Kasumaza Suzuki (66) está siempre detrás de la caja de su restaurante, un ícono de la comida japonesa ubicado en la calle Monjitas 460, entre José Miguel de la Barra y Mosqueto, frente al Metro Bellas Artes. Suzuki, que cultiva un look similar al del señor Miyagui, de Karate Kid, se ve muy serio mientras trabaja y vigila el funcionamiento del pequeño local de no más de 15 mesas y cuadros de pinturas tradicionales de Japón, que casi siempre está lleno para el almuerzo y la comida, y estos últimos días, hasta ha tenido filas de clientes esperando una mesa.

Desde su podio, dirige como si fuese una orquesta, haciendo señas con su mano izquierda. Rara vez usa la derecha, puesto que tuvo un accidente mientras vivía en Japón y perdió el pulgar, el índice y el anular. Sonríe o saluda a los clientes regulares –que no son pocos- con su marcado acento, pero en general permanece en silencio. Pese al éxito que arrastra –el local se encuentra entre los restoranes japoneses mejor evaluados en Zomato-, este viernes, sin ceremonia ni despedida formal, va a cerrar su restaurante.

Es que Kasumaza Suzuki está cansado.

Está cansado de levantarse todos los días a primera hora para ir a La Vega y de ahí correr al restaurante, quedarse hasta las tres de la tarde y volver a su casa en El Llano. Está cansado de tener que salir otra vez en la tarde, cerca de las siete, a dirigir las operaciones del Kintaro hasta la hora de cierre, la que los fines de semana es alrededor de la una de la mañana.
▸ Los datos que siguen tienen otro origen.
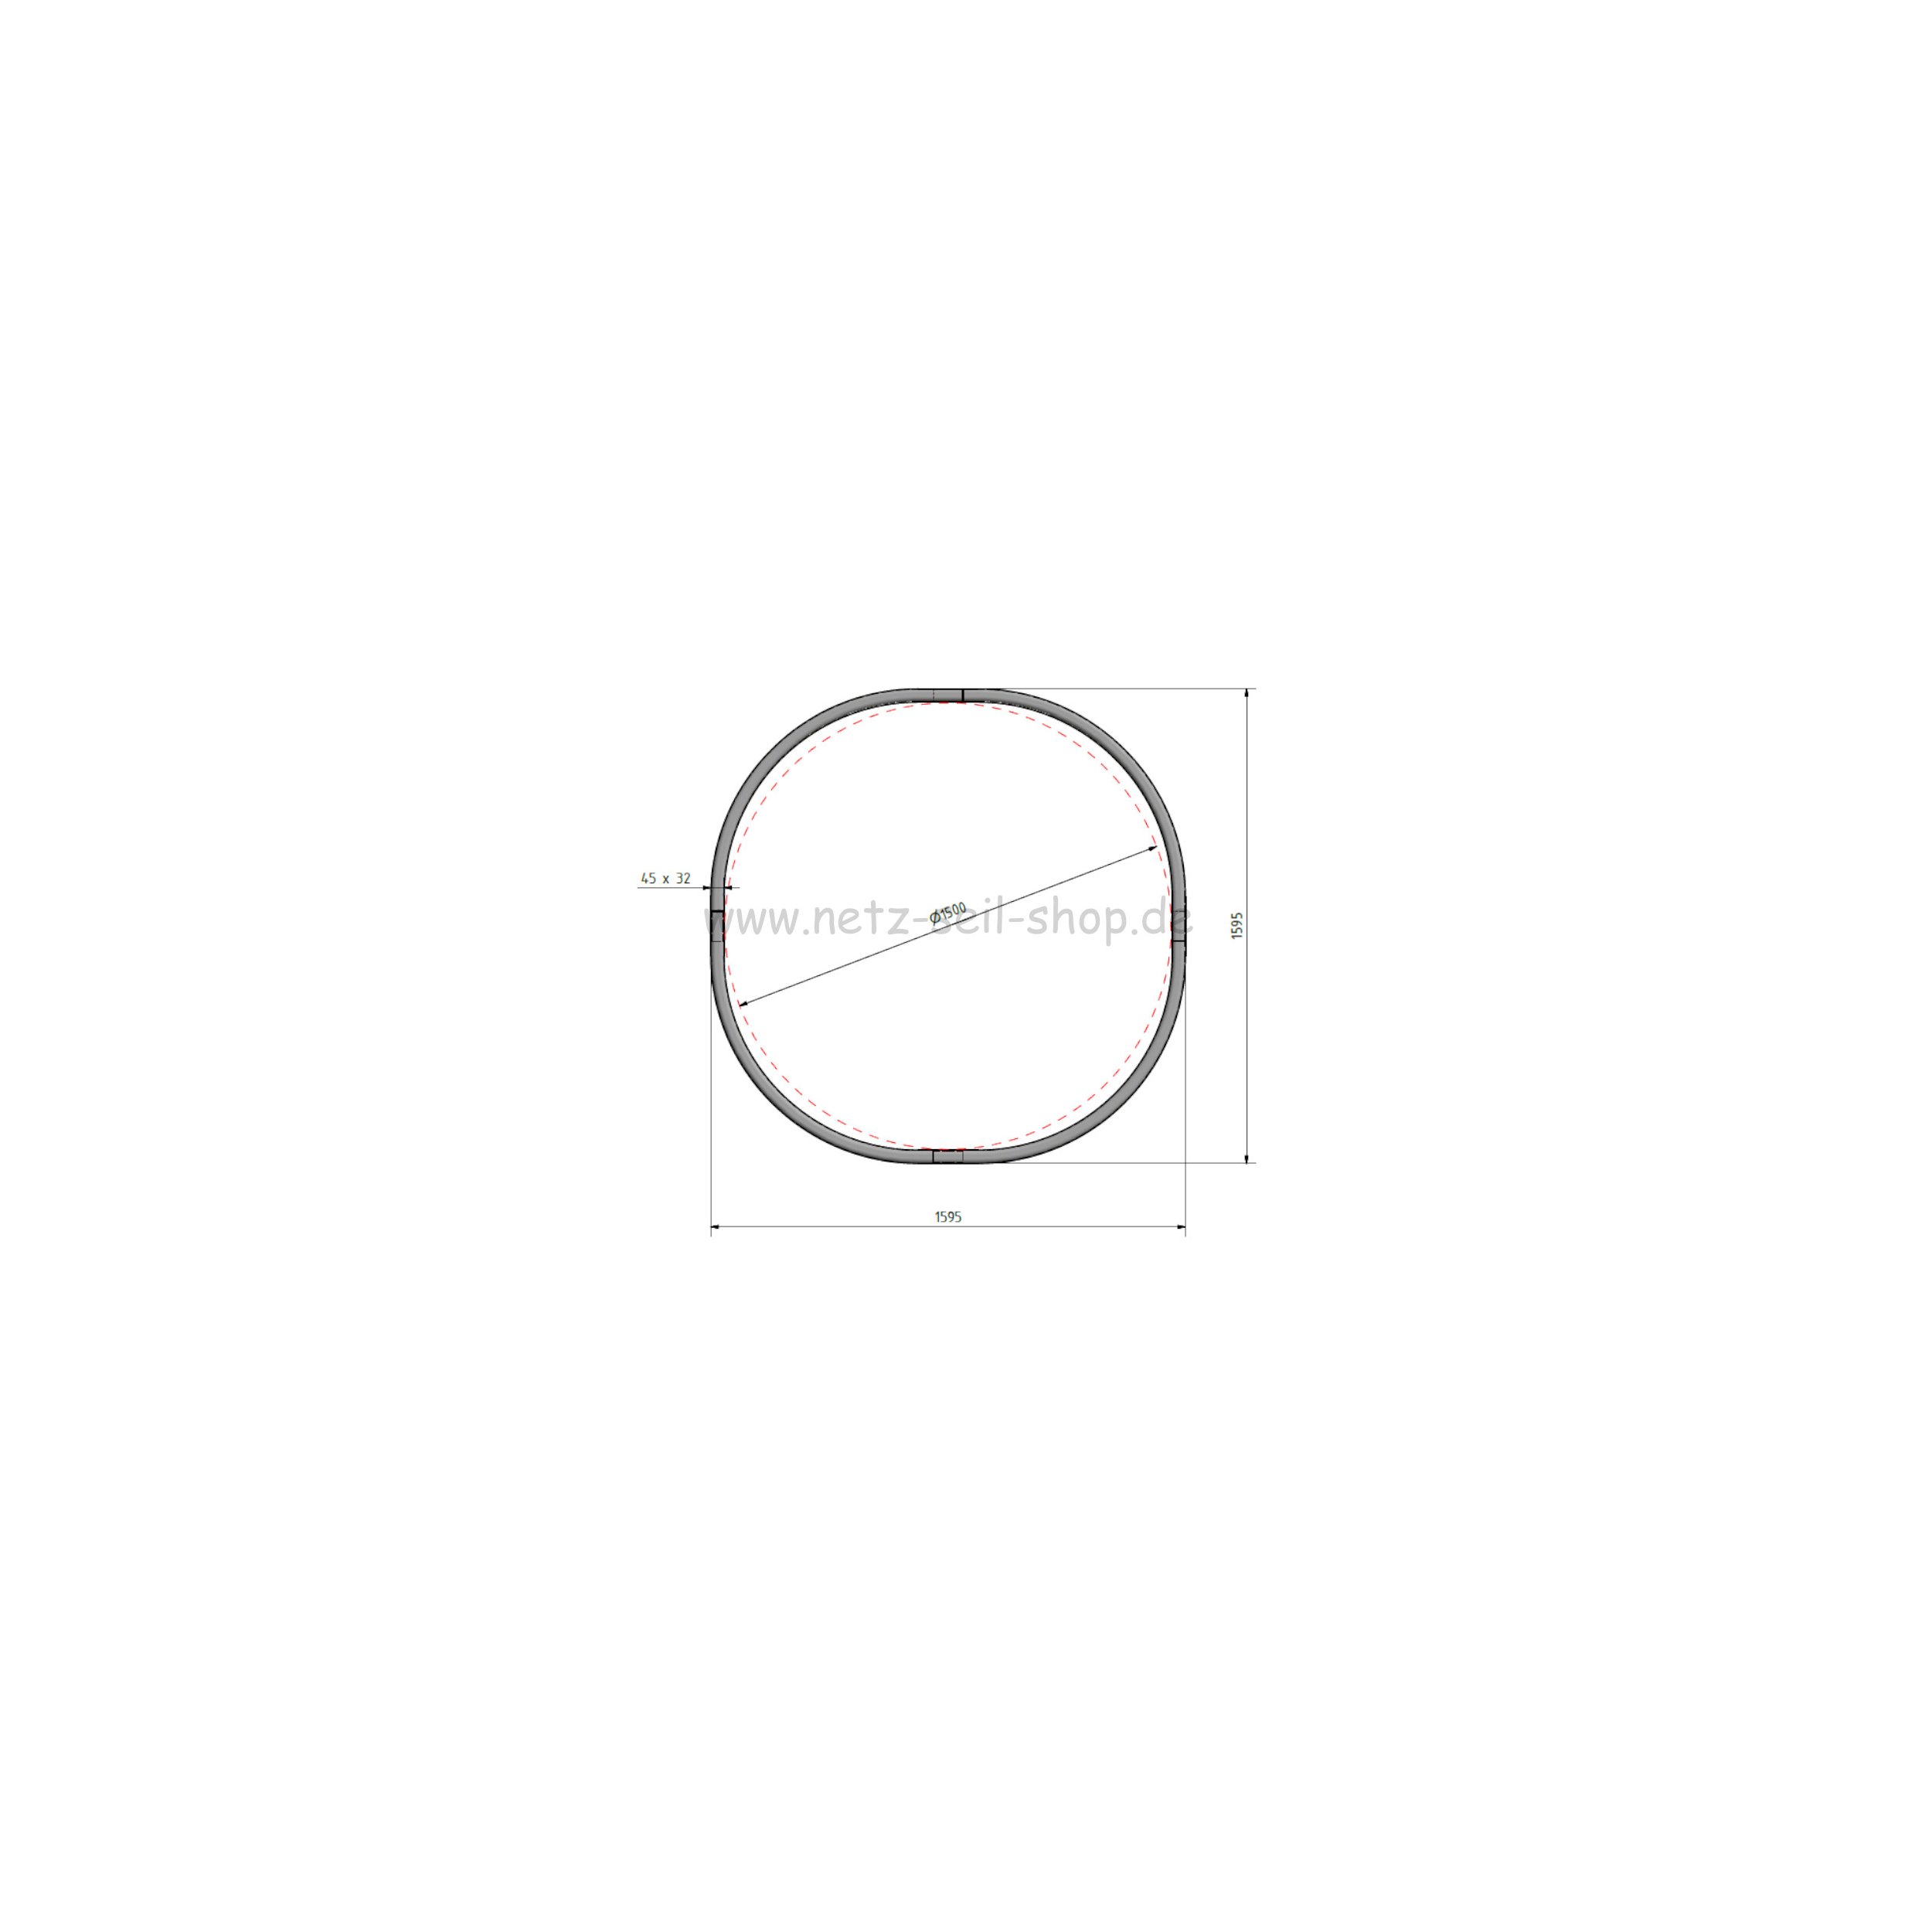 Heunetz für Rundballen, 160 cm Durchmesser, Höhe 120cm,  Ø 5 mm Garn, # 80 mm Maschenweite mit Kette am Netz befestigt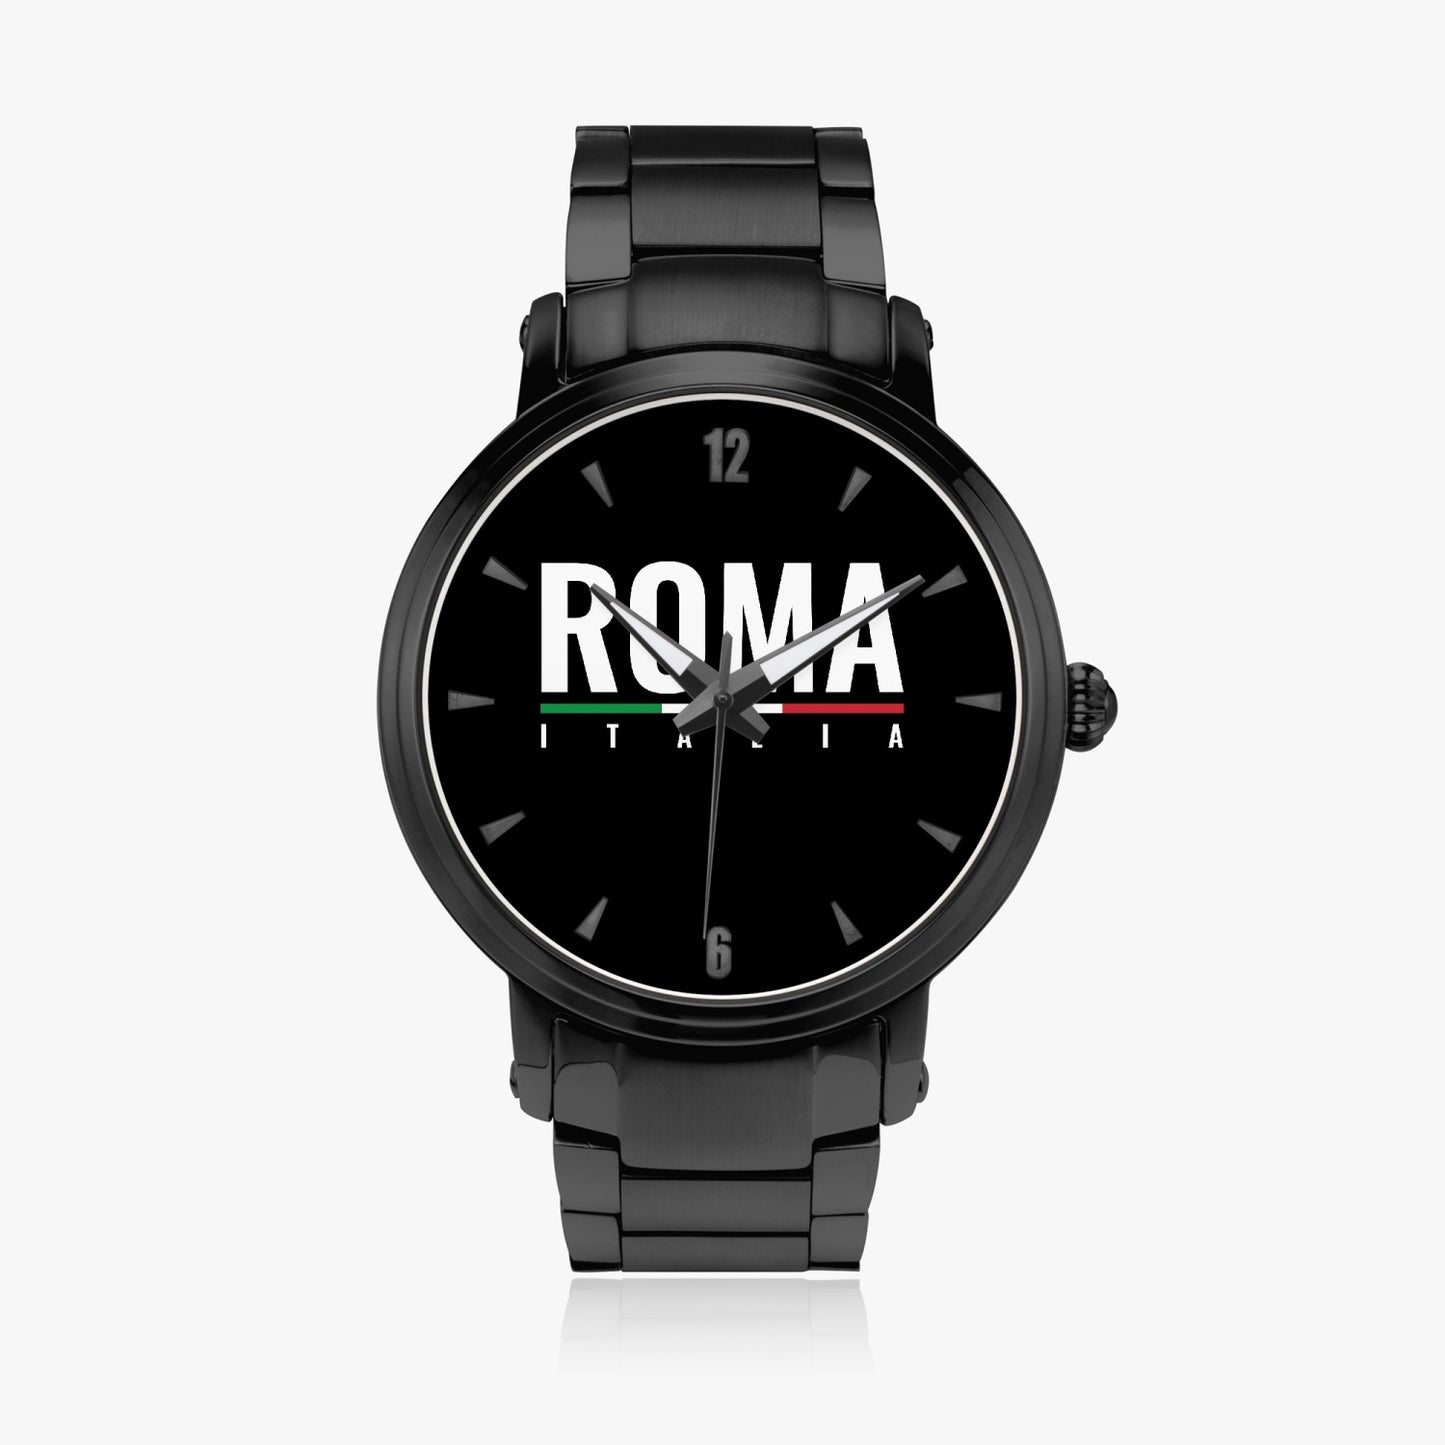 Orologio con movimento automatico Roma Italia - Acciaio inossidabile premium

Está cansado de llegar a esa hora a su casa a sacar las cuentas, y sobre todo está cansado de seguir la misma rutina todos los días, salvo los sábados, cuando juega tenis religiosamente de nueve a 11 de la mañana con sus amigos japoneses.

"Hace más de un año proyectaba que pronto, en un futuro cercano, me iba a retirar. Pero no sacamos ningún cartel de 'se vende', no llamamos a ninguna agencia. Entre amigos corría la voz. Al final, nuestro cocinero, Koichi Watanabe, también dijo que se iba a retirar. Entonces era mejor no contratar a otra persona, decidimos que nos íbamos juntos. Sí, terminamos nuestra función", cuenta el dueño.

Suzuki dice que la rutina lo hace sentir viejo y que adentro de él hay algo que después de mucho tiempo acallado ha vuelto a aparecer. "Ya estoy cumpliendo mi tarea, por lo tanto está despertando mi espíritu de vagabundo".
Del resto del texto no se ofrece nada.